Single by Ashton, Gardner and Dyke
- B-side: "Hymn to Everyone"
- Released: 20 November 1970
- Studio: De Lane Lea, London
- Genre: Blues rock
- Length: 3:17
- Label: Capitol
- Songwriter: Tony Ashton
- Producer: Tony Ashton

Ashton, Gardner and Dyke singles chronology
| "Maiden Voyage" (1969) | "The Resurrection Shuffle" (1970) | "Can You Get It" (1971) |

= The Resurrection Shuffle =

1970 single by Ashton, Gardner and Dyke

"The Resurrection Shuffle" is a song by British rock band Ashton, Gardner and Dyke, released as a single in November 1970. It became their only charting hit, peaking at number three on the UK Singles Chart and number 40 on the Billboard Hot 100.

==Background==
"The Resurrection Shuffle" was recorded at De Lane Lea Studios on Dean Street in London and features Howie Casey playing saxophone.

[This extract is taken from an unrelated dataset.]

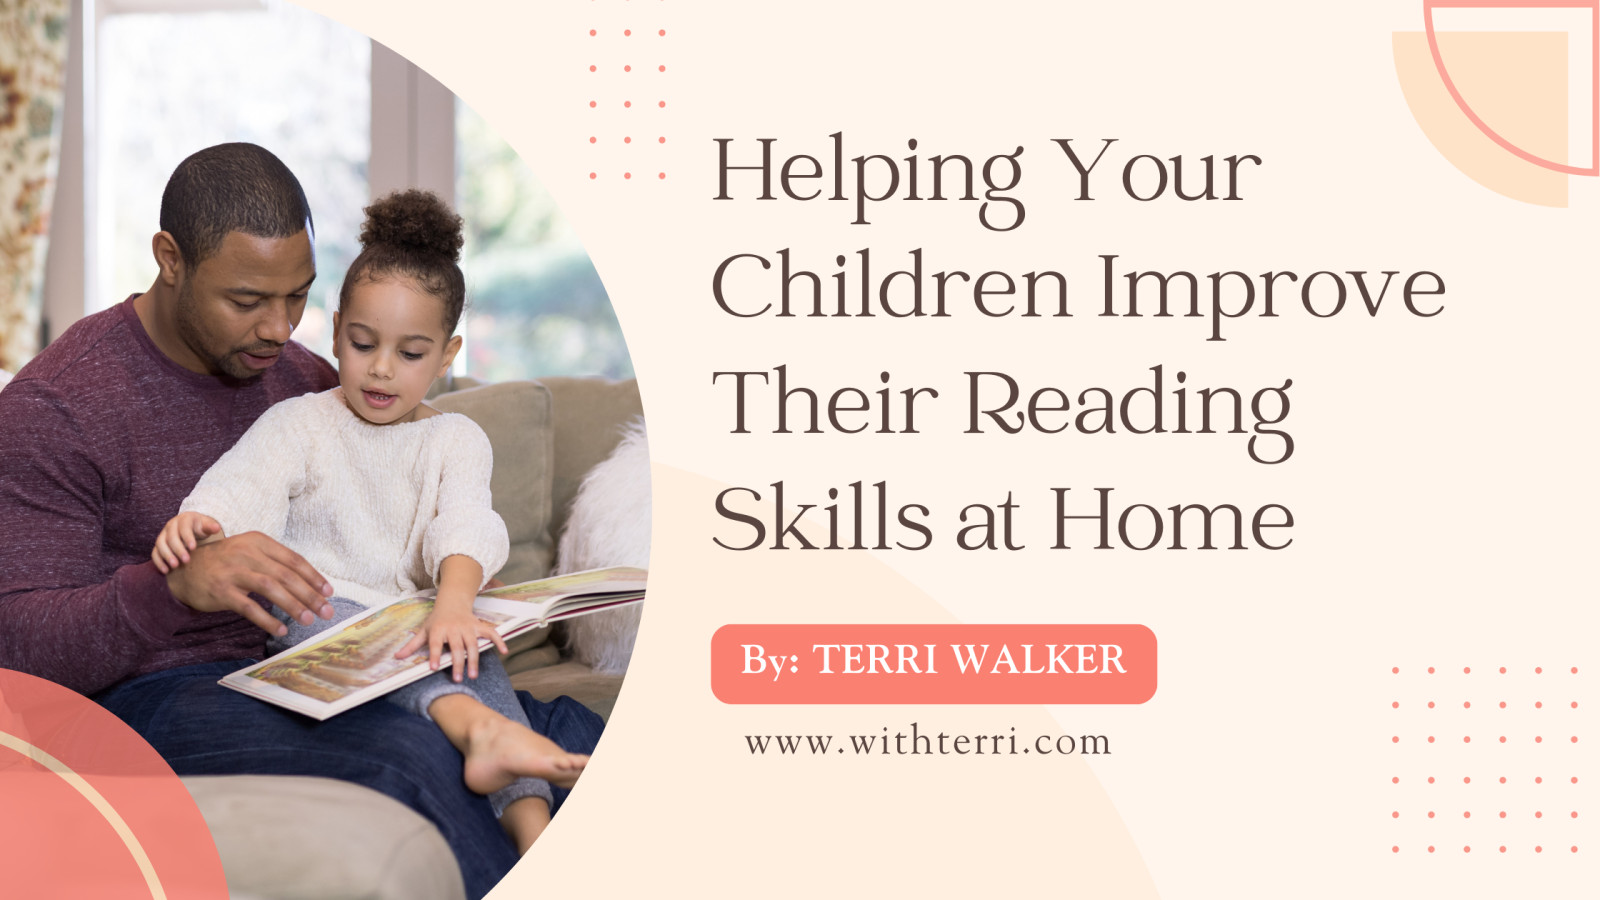 Helping Your Children Improve Their Reading Skills at Home
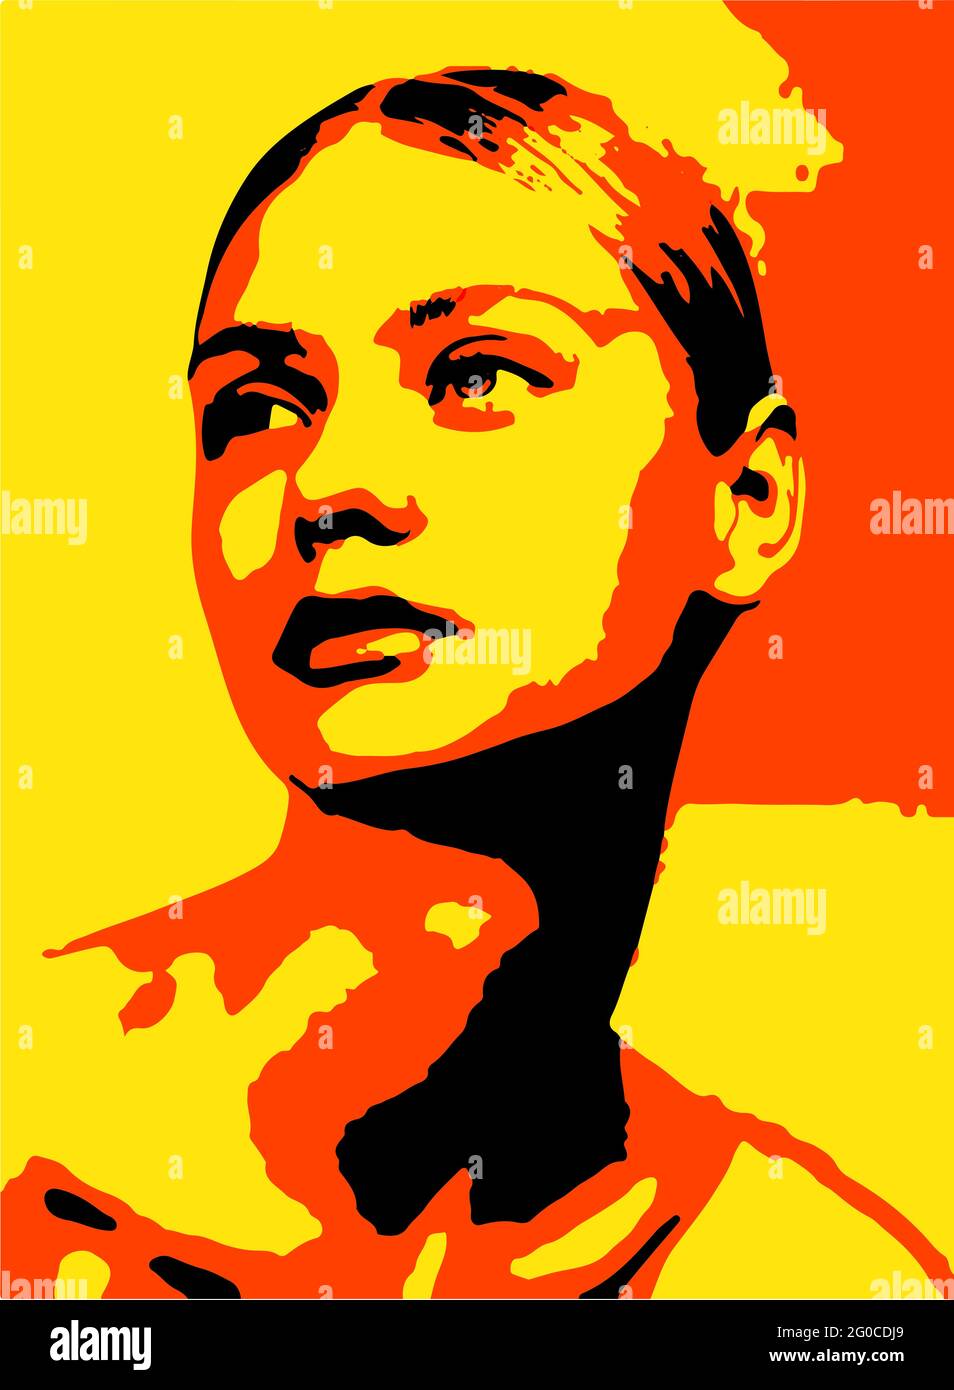 images Alamy - and photography Poster wall hi-res stock

Capitol decided to release this as a single over the song "I'm Your Spiritual Breadman" (featuring George Harrison playing guitar, assisting with production and helping with some of the lyrics), which had been scheduled for single release. However, the record label Capitol instead decided that "The Resurrection Shuffle" should be the next single.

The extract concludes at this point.